Association of Clinical Research Professionals (ACRP)
ACRP is the primary resource for clinical research professionals in the pharmaceutical, biotechnology and medical device industries, and those in hospital, academic medical centers and physician office settings. ACRP was founded in 1976 to address the distinct educational and networking needs of research nurses and others who supported the work of clinical investigations. With its own professional society came the recognition of a new distinctive profession — that of the clinical researcher. More than 30 years later, ACRP is a global association comprised of more than 20,000 individuals in over 60 countries dedicated to clinical research and development. ACRP is headquartered in Alexandria, Virginia-USA, with an additional office in Windsor, U.K.

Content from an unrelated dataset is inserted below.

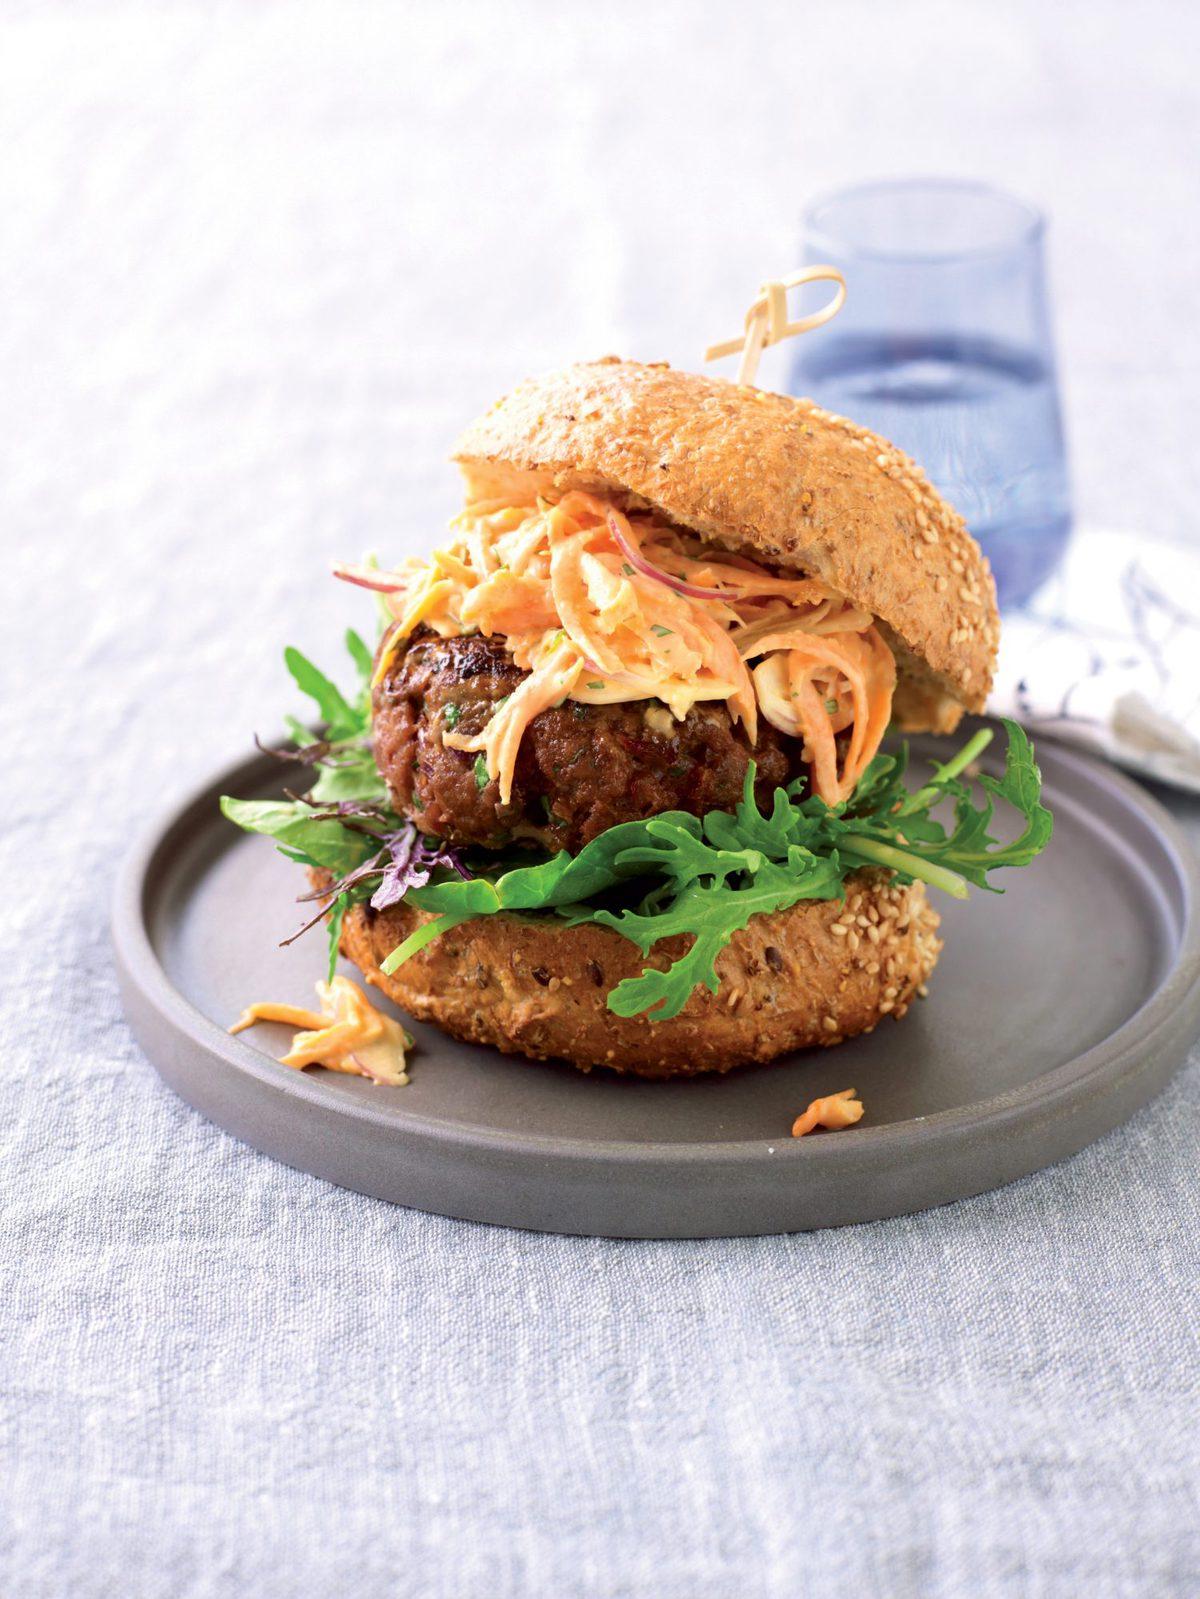 Thai beef burger

Society for Clinical Data Management
The Society for Clinical Data Management was established in 1994 to advance the discipline of clinical data management and promote excellence and quality among clinical data managers and related professionals. SCDM has more than 2,600 members and is considered the industry leader in professional development resources.

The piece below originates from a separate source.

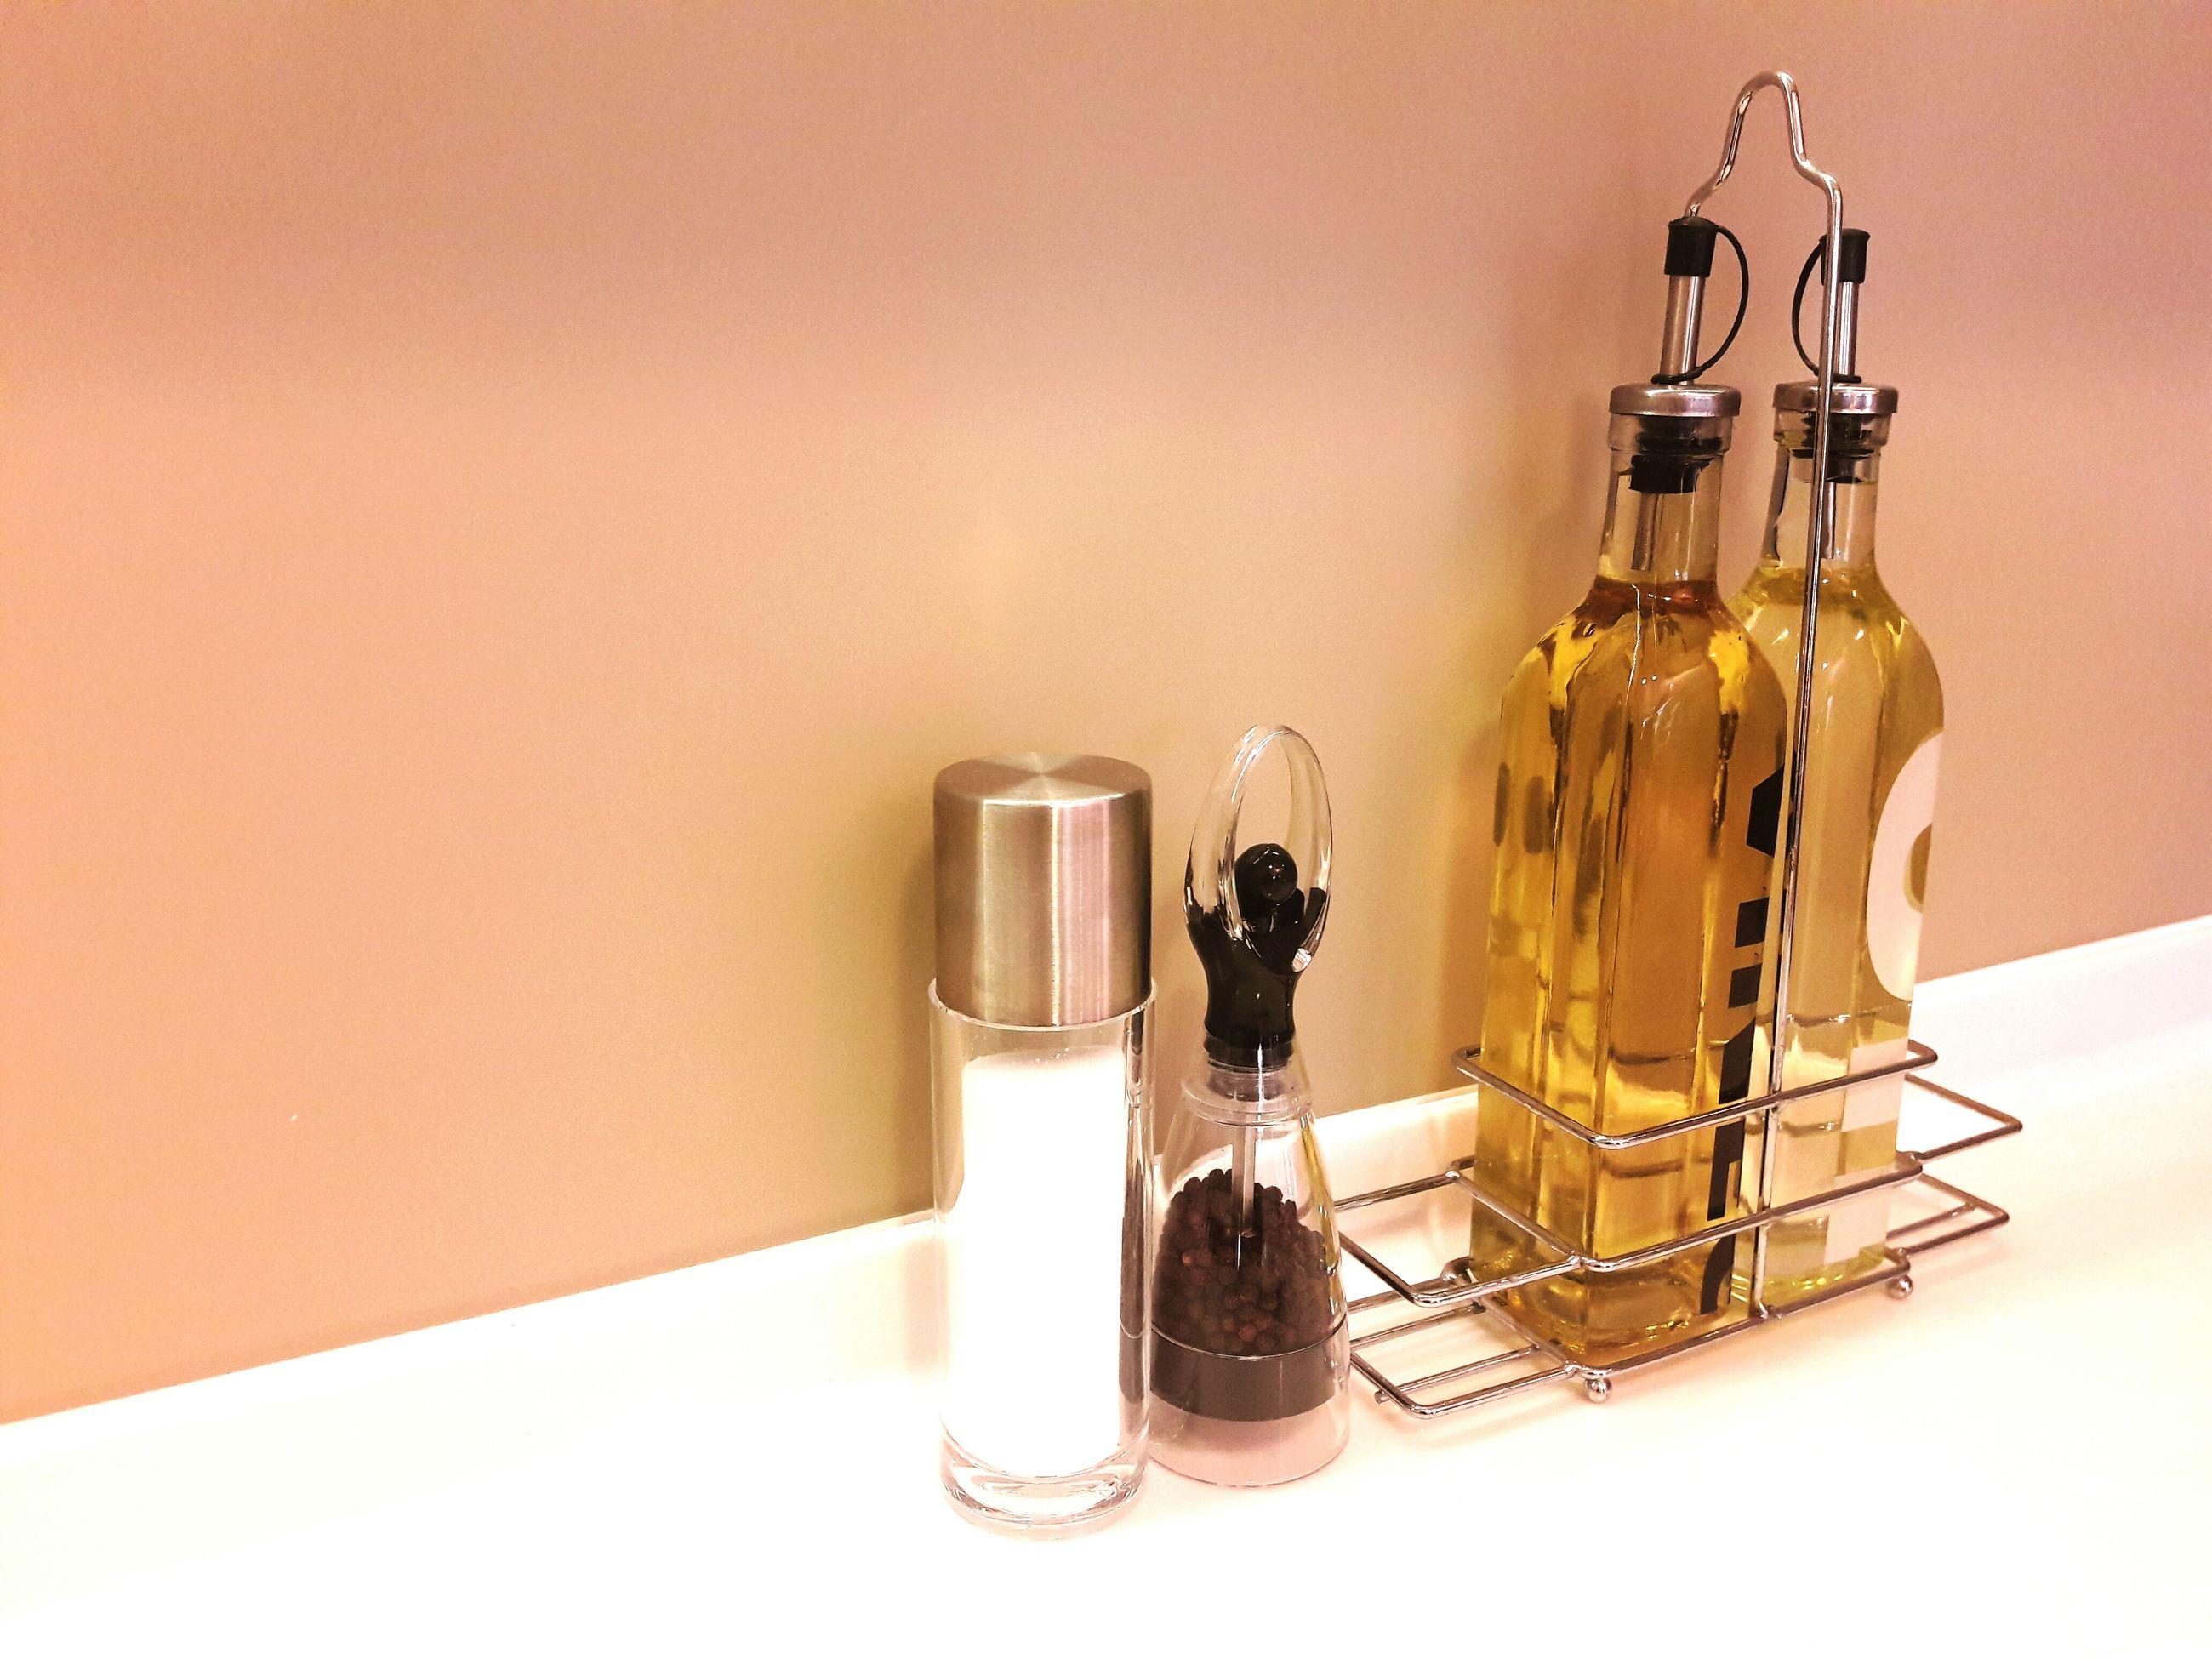 Olive oil in bottles by pepper and salt shaker on table

SCDM’s Certified Clinical Data Manager (CCDM®) program sets the standard for quality in clinical research labs across the United States and around the world. . SCDM’s Good Clinical Data Management Practices (GCDMP) program establishes best practices for all facets of clinical data management and is the resource of choice for CDM professionals.
Association for Clinical Data Management (ACDM)
The Association for Clinical Data Management (ACDM) was founded in 1987. We have a large, diverse membership and aim to lead the development and appreciation of the essential activities of the Clinical Data Management profession.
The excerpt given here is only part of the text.